Don’t forget that you will most likely be working with the employer a few days after your conversation. Keeping things transparent will reflect well on you. But transparency does not equal zero strategy.
“That said, keep your strategy airtight. Know your motivations, your must-haves and your weak points. To sum it up, be less secretive and more strategic with your conversation,” says McDonald.
According to McDonald, negotiating your salary isn’t seen as money-hungry — it shows you’re savvy and breeds respect.
“In fact, it shows off a range of professional competencies. If you negotiate well, it signals to your employer that you are confident, communicative and serious about the position.”
So if you’re feeling a little nervous about broaching the topic, remembering that you will strengthen your reputation by bringing it up can be just the reframe needed for an extra dose of courage.
Yes, money is important. But it’s absolutely not the only factor involved in a fruitful compensation talk, so do yourself a favor and ditch that old-school mindset.
“If you’ve found the perfect match that gives you a great boss and colleagues, hours that work for you, challenging work, and career mobility, consider these factors against the offer, even if the salary band is lower than you expected,” says Henry.
Time and opportunity costs are real things, and if you can balance a comfortable living with a career that lets you really enjoy your life, go for that.”
Not to mention the fact you can get really creative with other requests. “Think, tuition reimbursement, vacation days and most importantly — flexibility,” says McDonald.
“For example, if you are turned down on your salary negotiation, counter with a flexibility request. This could look like an option to work from home or the ability to work an adjusted schedule.”
Mentioning you’ve got another offer on the table is a tactic still used by many professionals, and while it can work it can also leave a really bad taste in your employer’s mouth or, even worse, ruin your relationship.
“I don’t necessarily think this is a tactic that won’t work in today’s job market, but I have seen some instances where it has resulted in an offer being pulled. Salary ranges seem to be a bit more static than dynamic in our current landscape, says Henry.
Negotiating without having built a solid case around what you want and why you should have it would be plain silly. But it’s important not to listen to advice that leaves you feeling unnatural and rehearsed.
“Now, you do need to have your reasoning in order but don’t psych yourself out by scripting yourself,” says McDonald.
To make yourself more comfortable, she recommends staying transparent in your motive and openly saying that you are looking to negotiate your salary and benefits package. Then, with clarity, you can begin to have a more relaxed and open discussion.

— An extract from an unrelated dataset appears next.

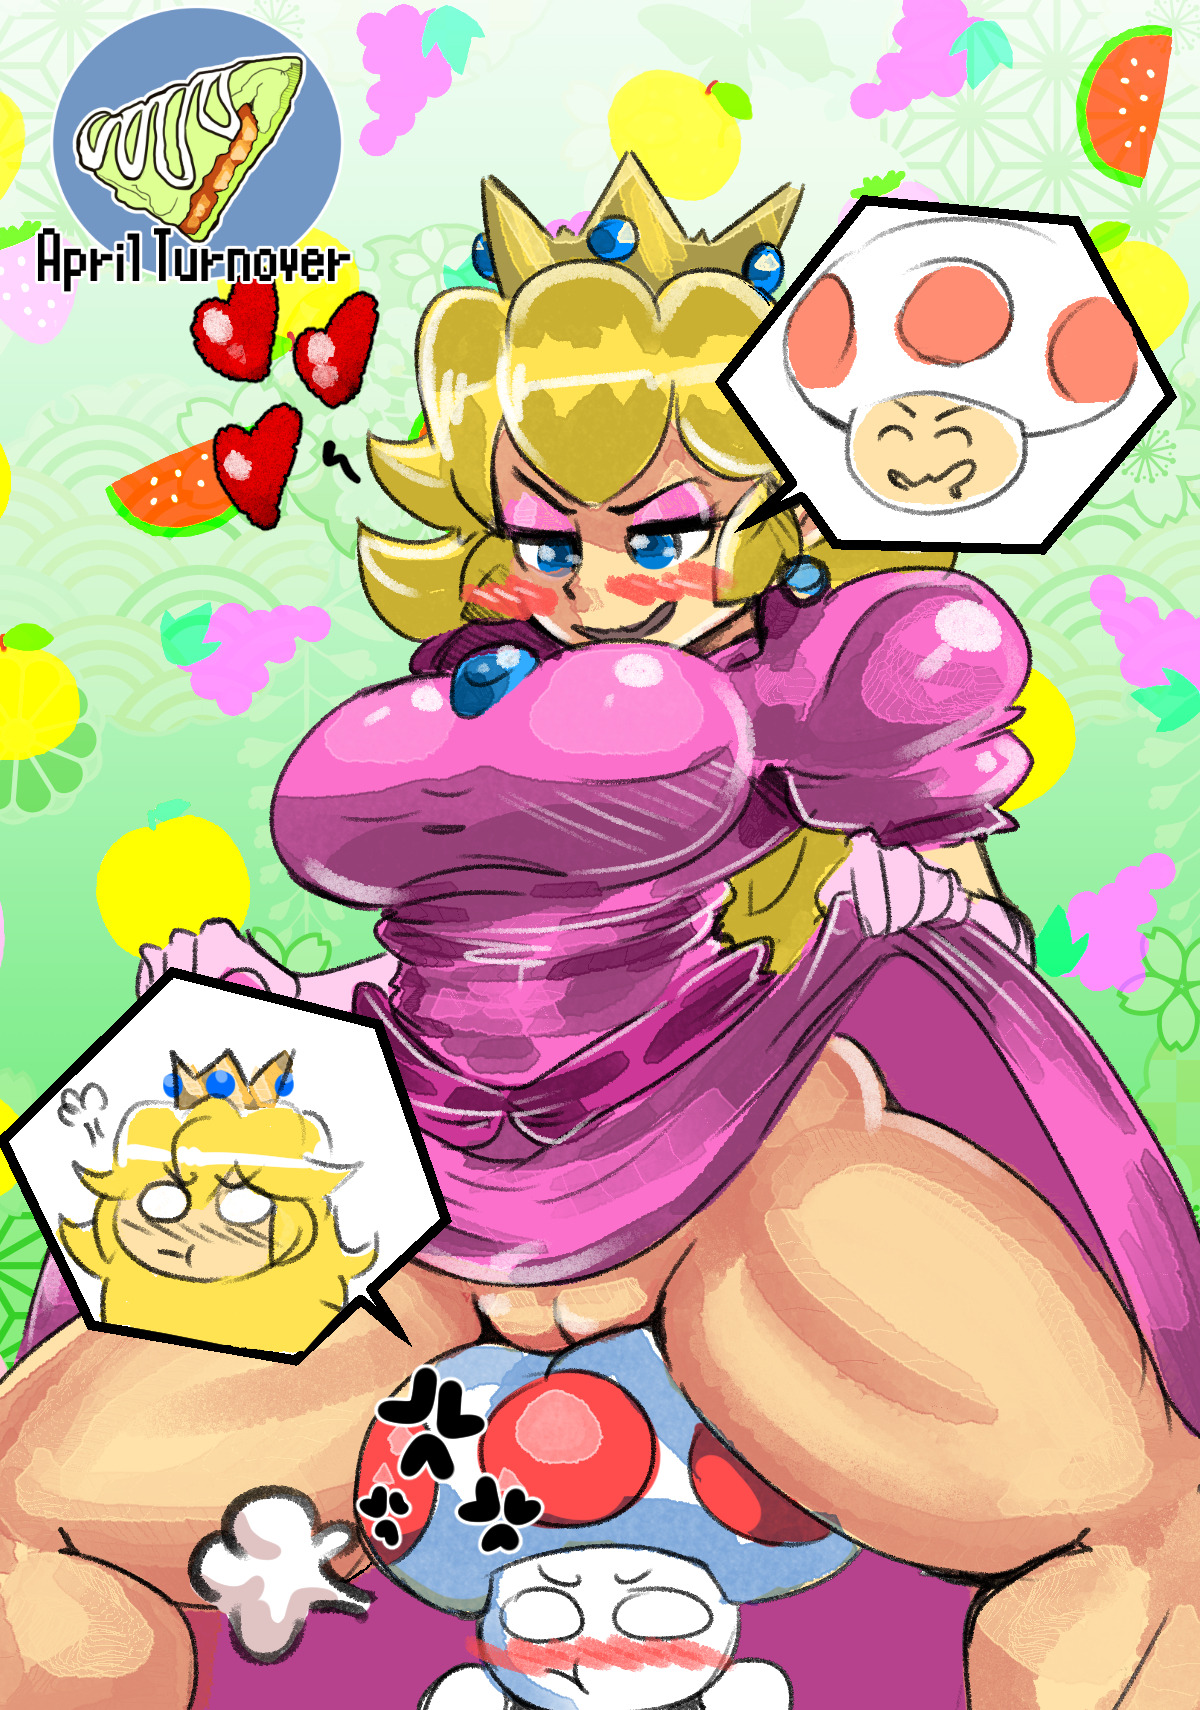   day 13 of aprilturnover princess pech and toad. ;3the censored ones are available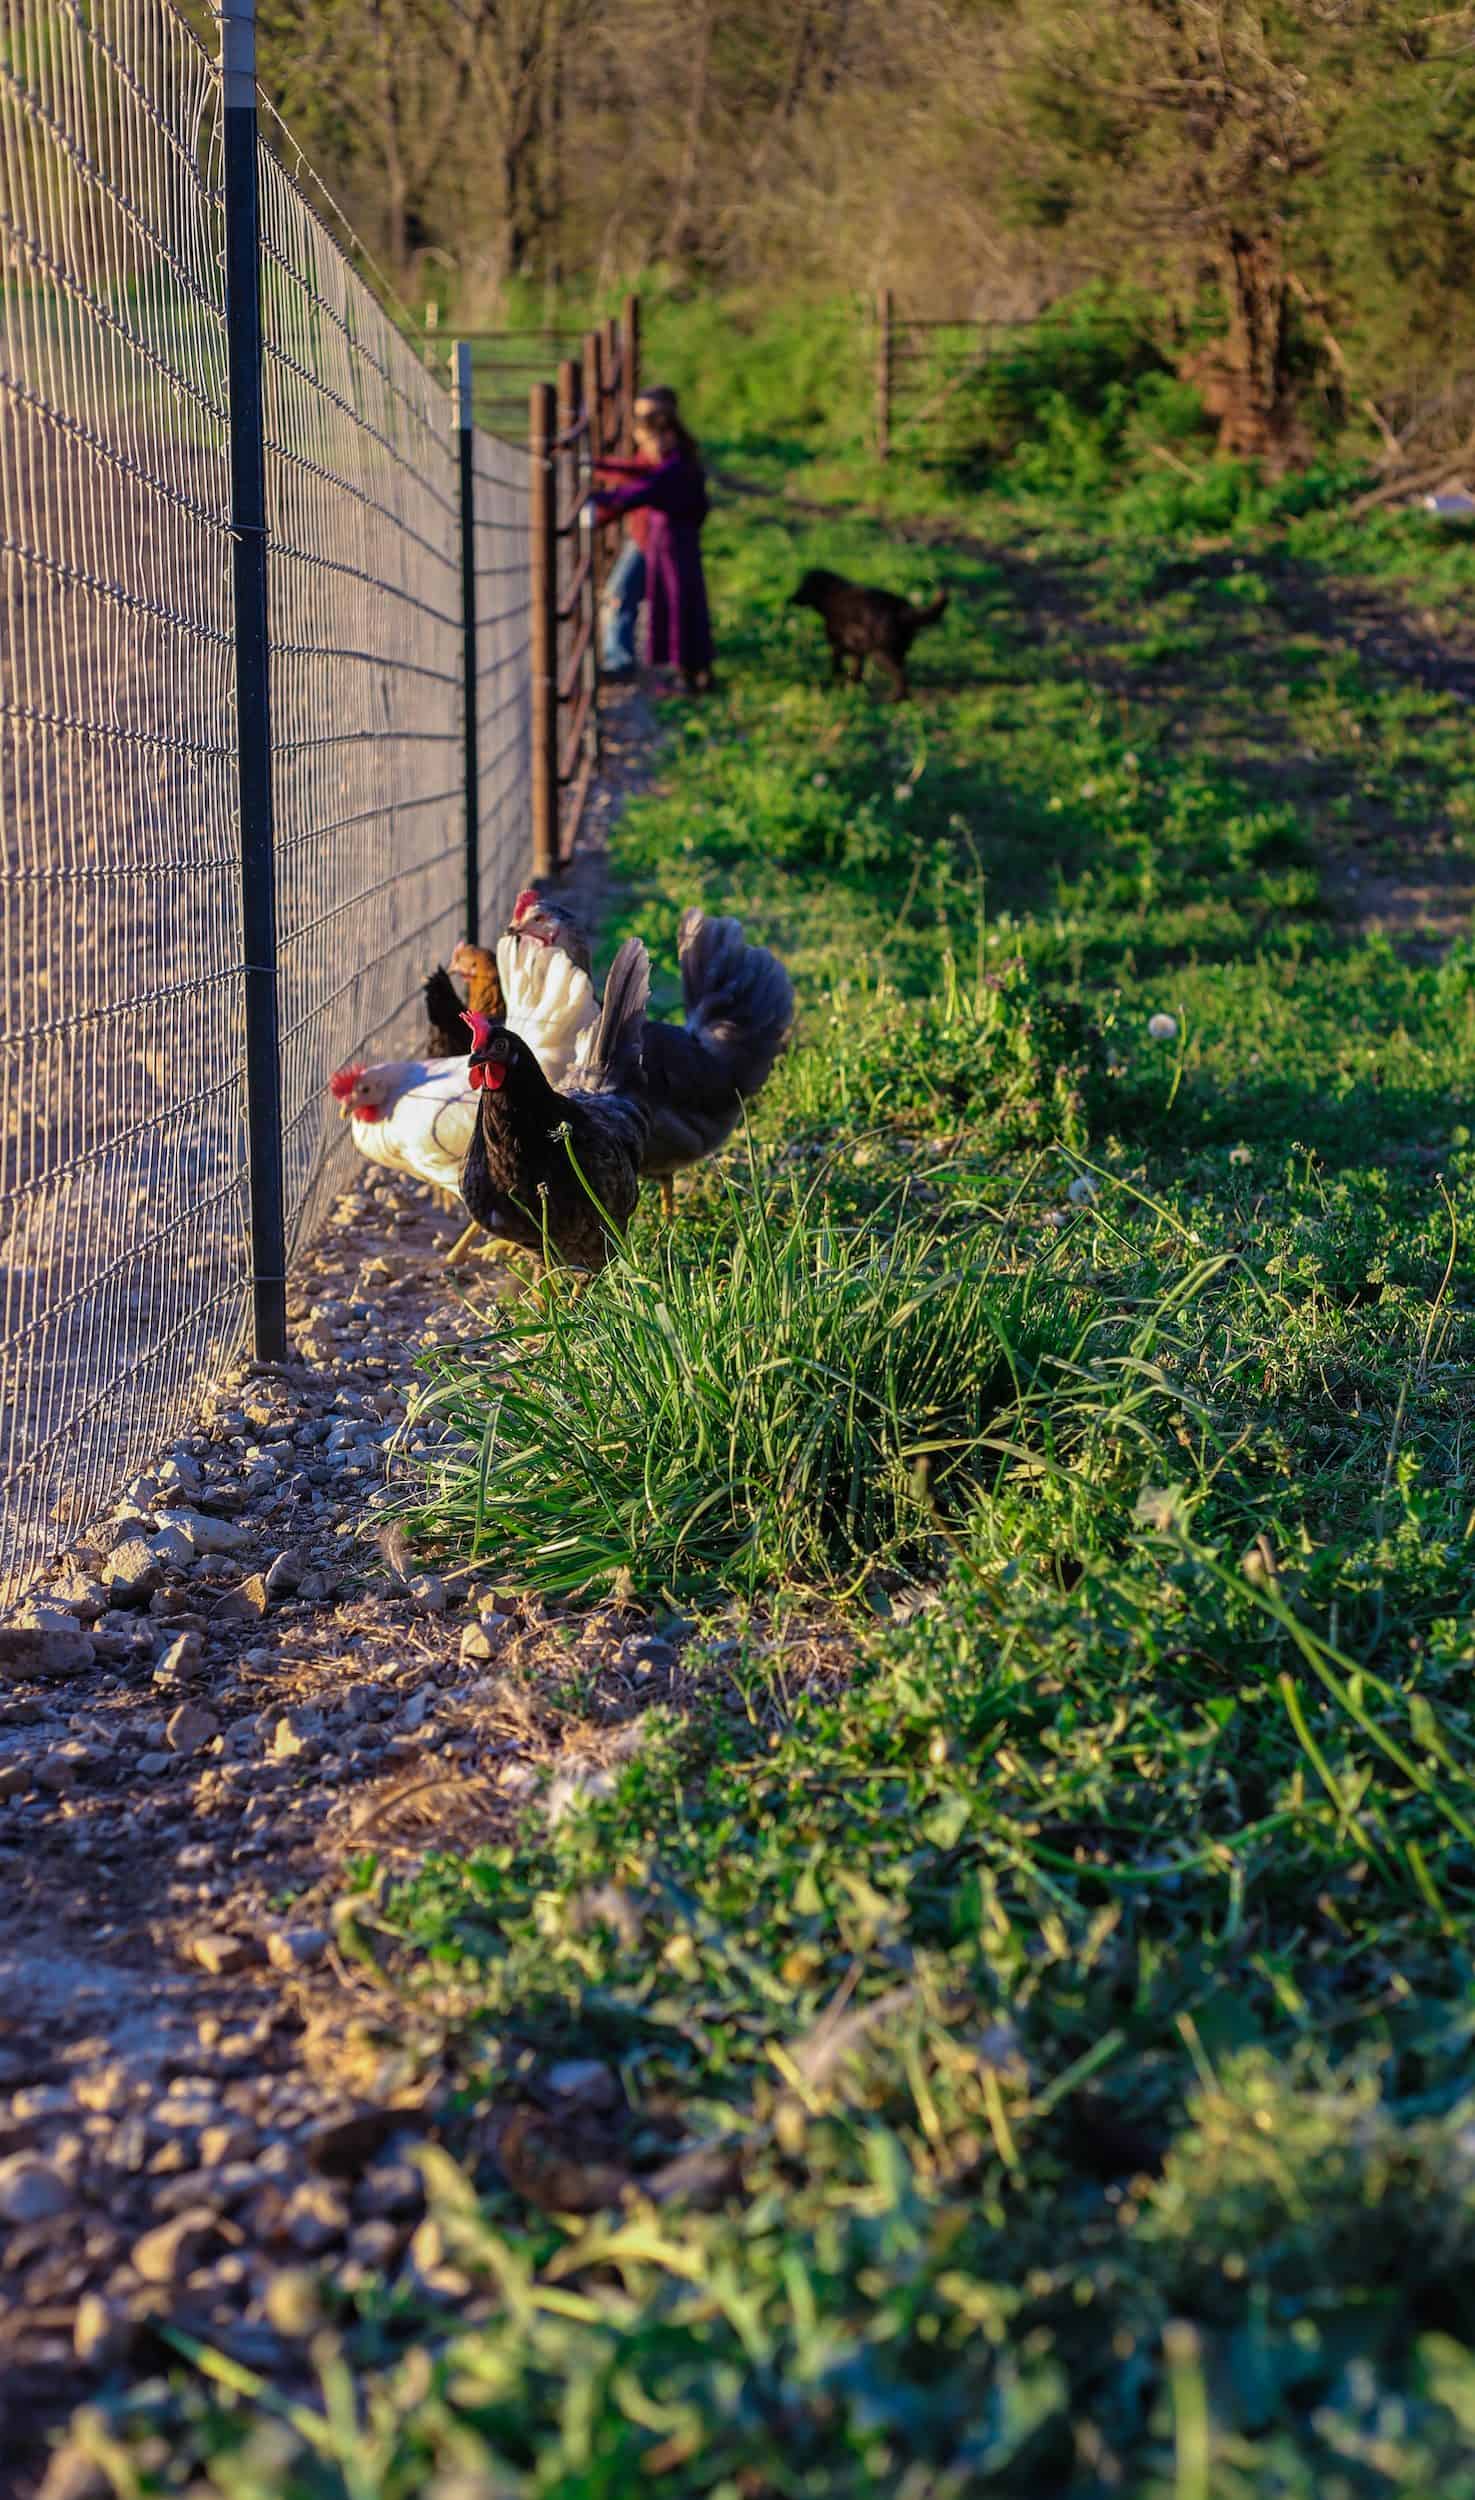 Pasture Raised Hens Near Wire Fencing

On that note, mentioning your past accomplishments is a smart move for sure. However, that piece of advice doesn’t account for the fact that demonstrating how you’ll contribute in the future can be equally crucial.
“When discussing salary or compensation packages overall, don’t only focus on your past performance. Also, be sure to demonstrate a growth mindset and your desire to keep learning so that it’s clear how much you’re committed to growing,” says Henry.